__WHAT YOU NEED TO DO__:
Please, could you print all the lines below exactly, leaving out the pictures?

__Extracted records__:
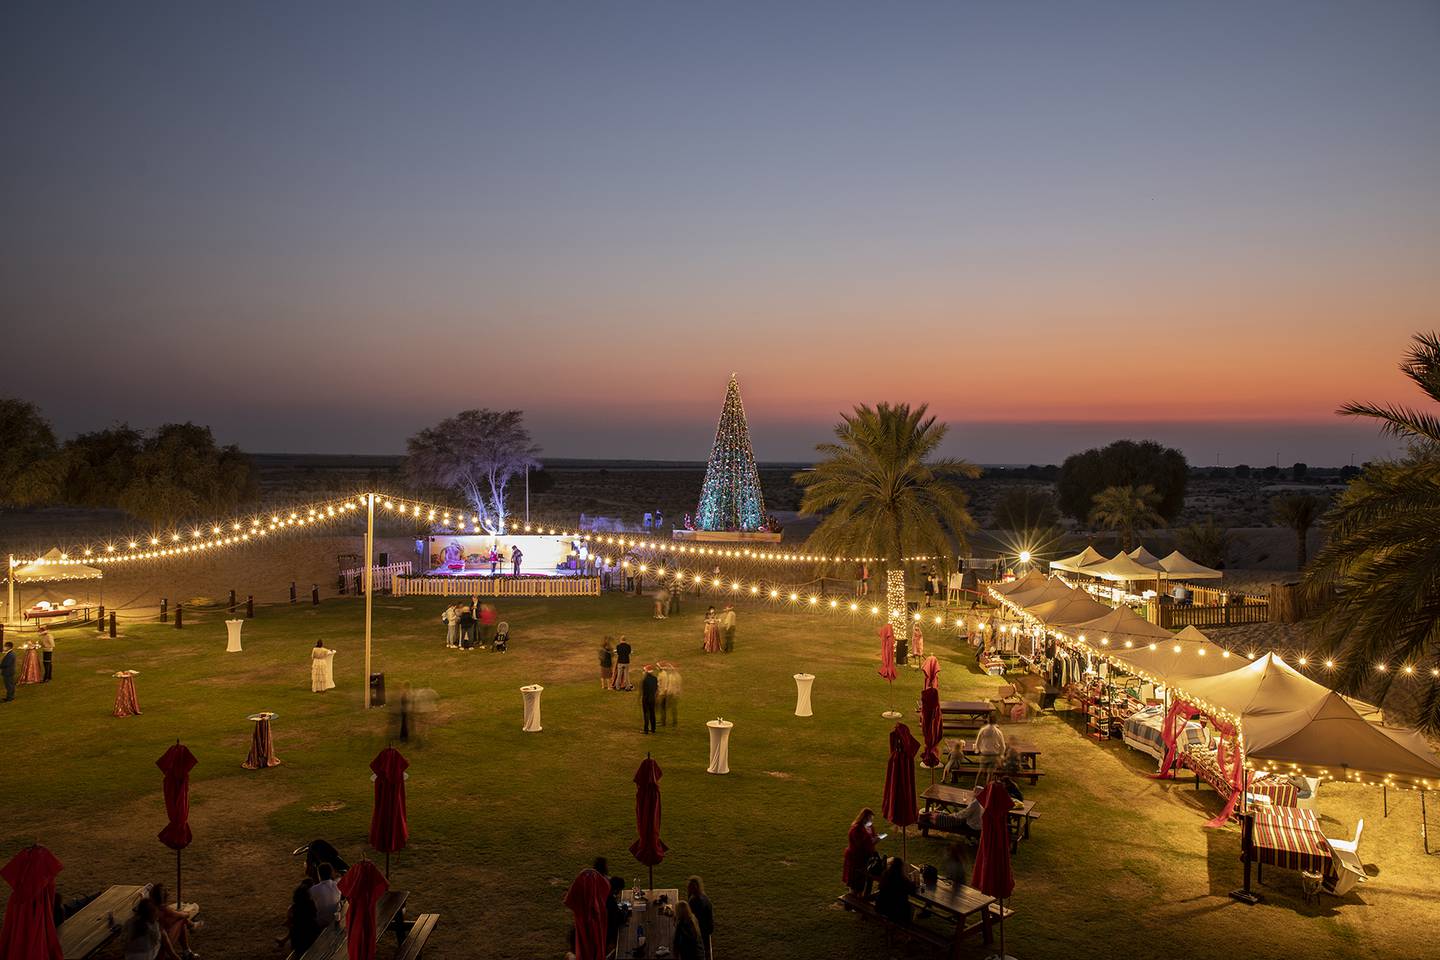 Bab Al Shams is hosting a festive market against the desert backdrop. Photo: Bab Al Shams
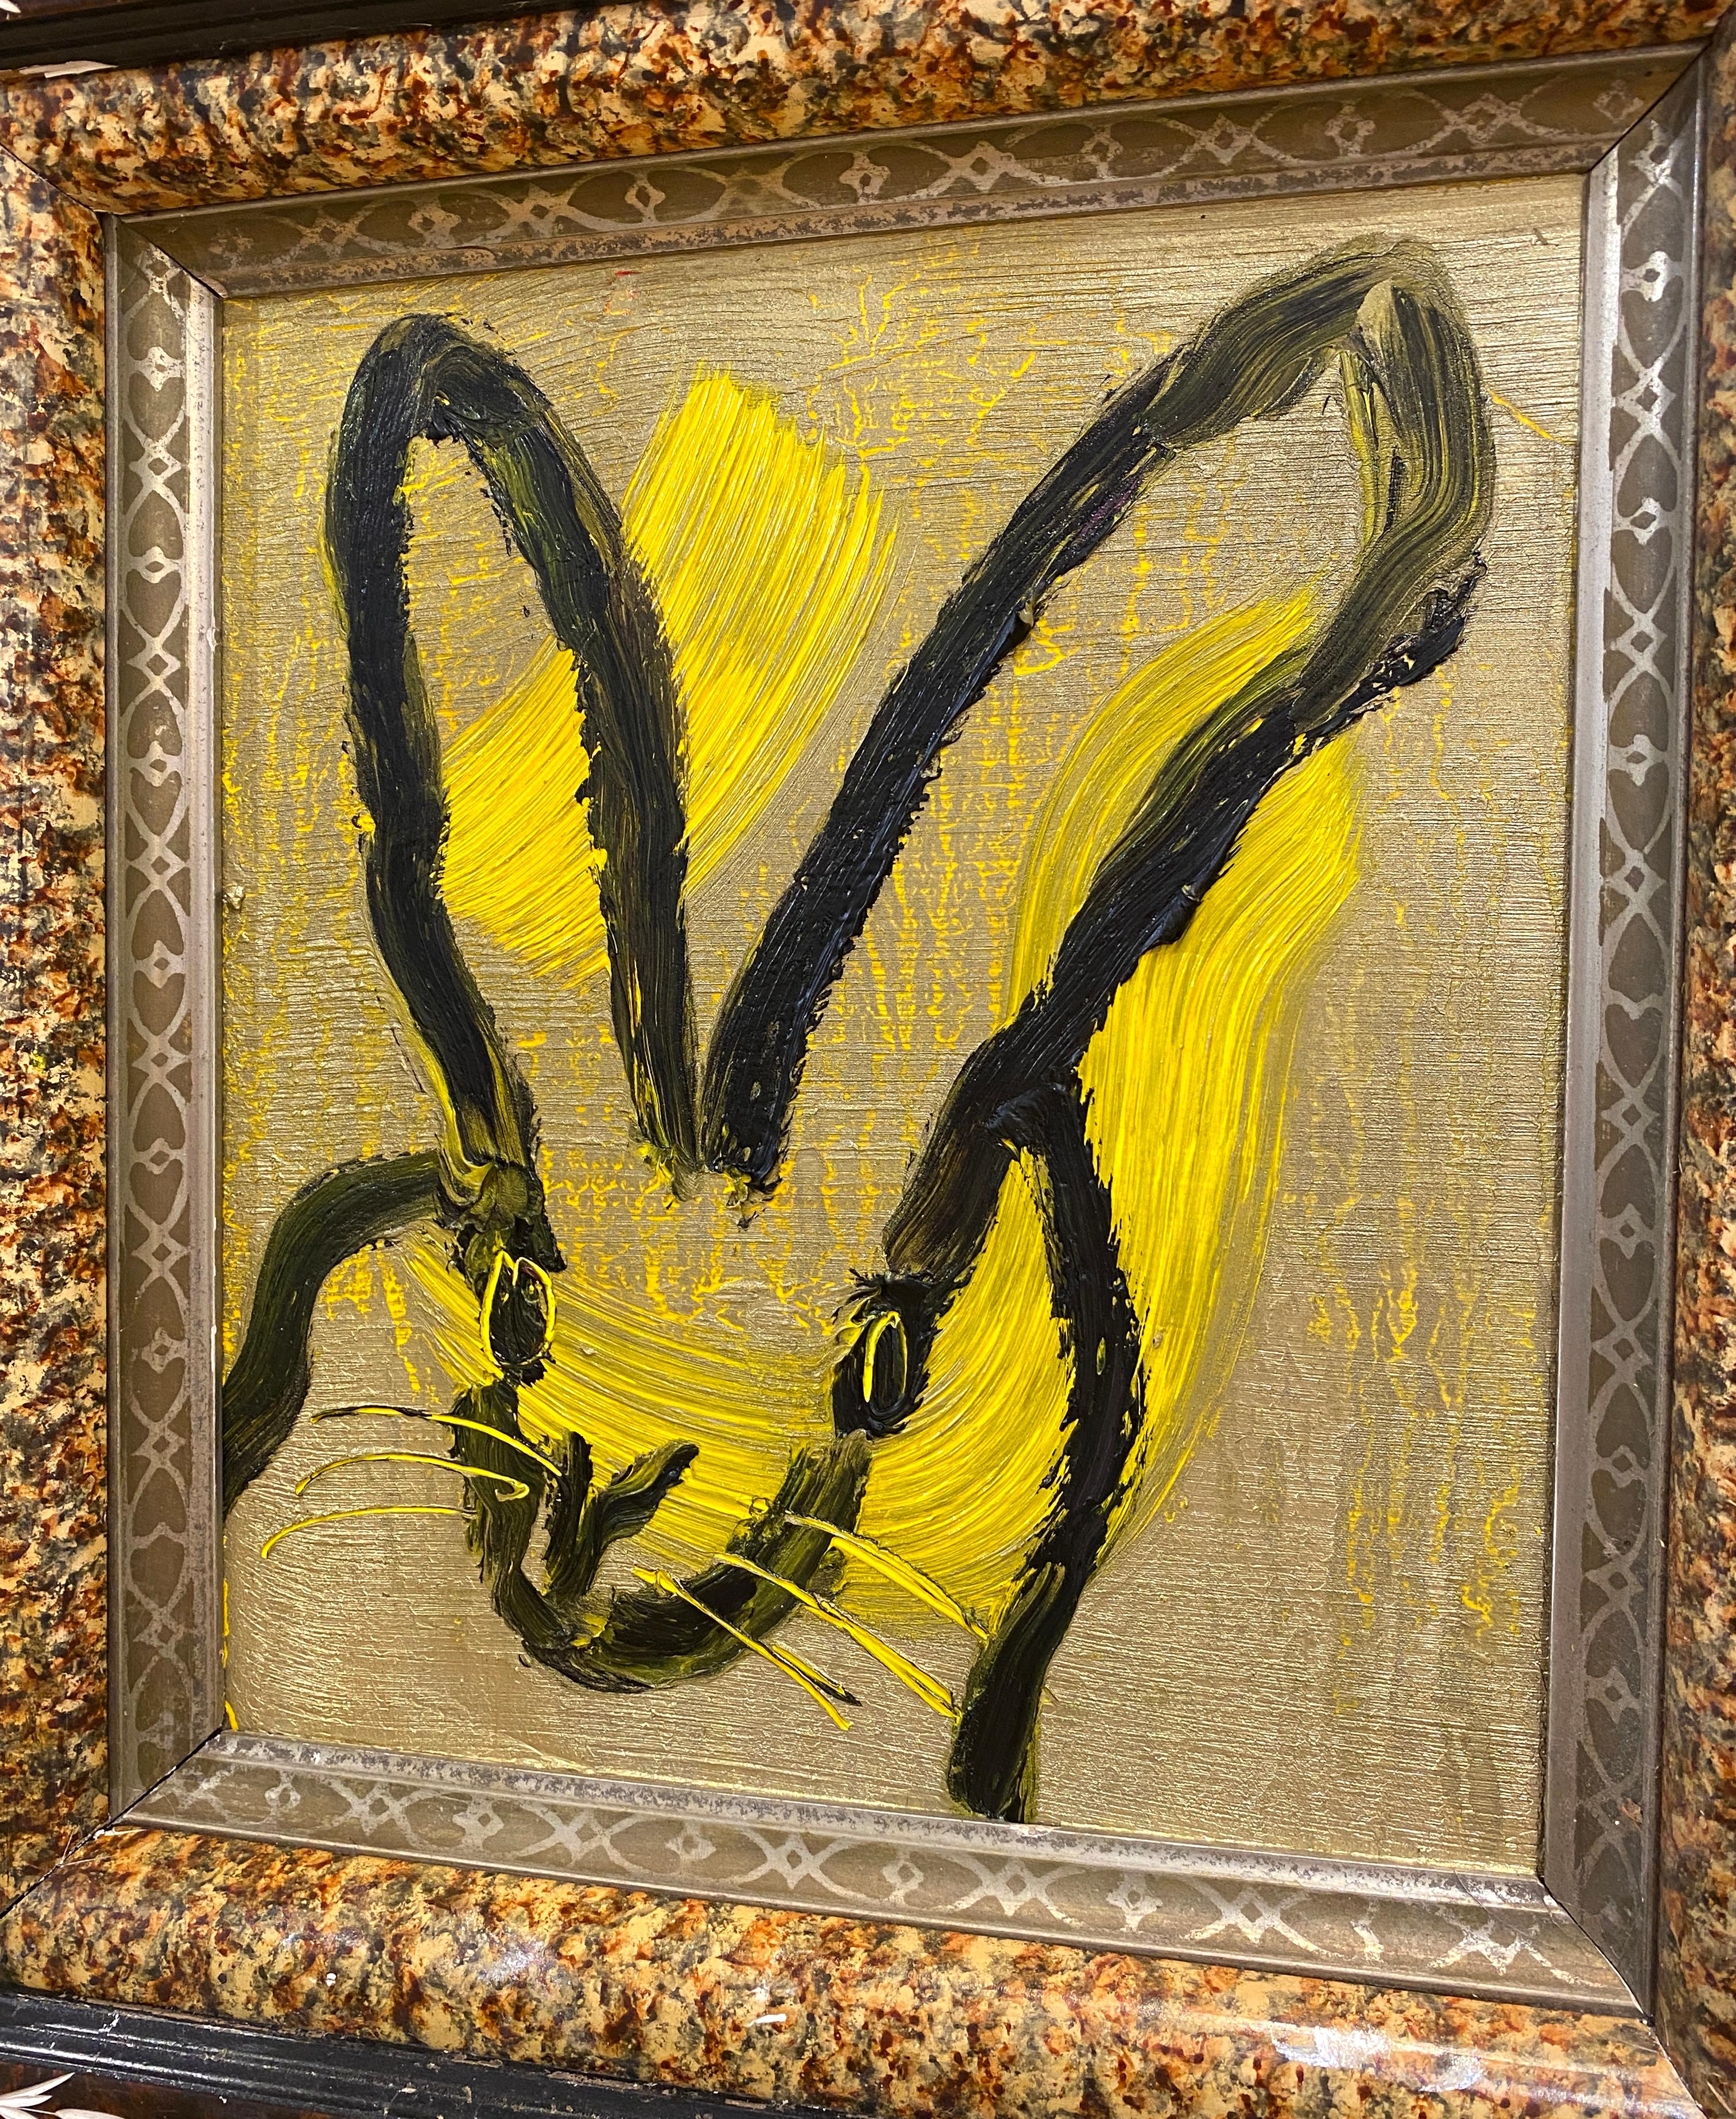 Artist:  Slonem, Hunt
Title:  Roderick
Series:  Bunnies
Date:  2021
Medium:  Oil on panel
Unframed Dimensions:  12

__ANSWER__:
 Bab Al Shams is hosting a festive market against the desert backdrop. Photo: Bab Al Shams
 Artist:  Slonem, Hunt
Title:  Roderick
Series:  Bunnies
Date:  2021
Medium:  Oil on panel
Unframed Dimensions:  12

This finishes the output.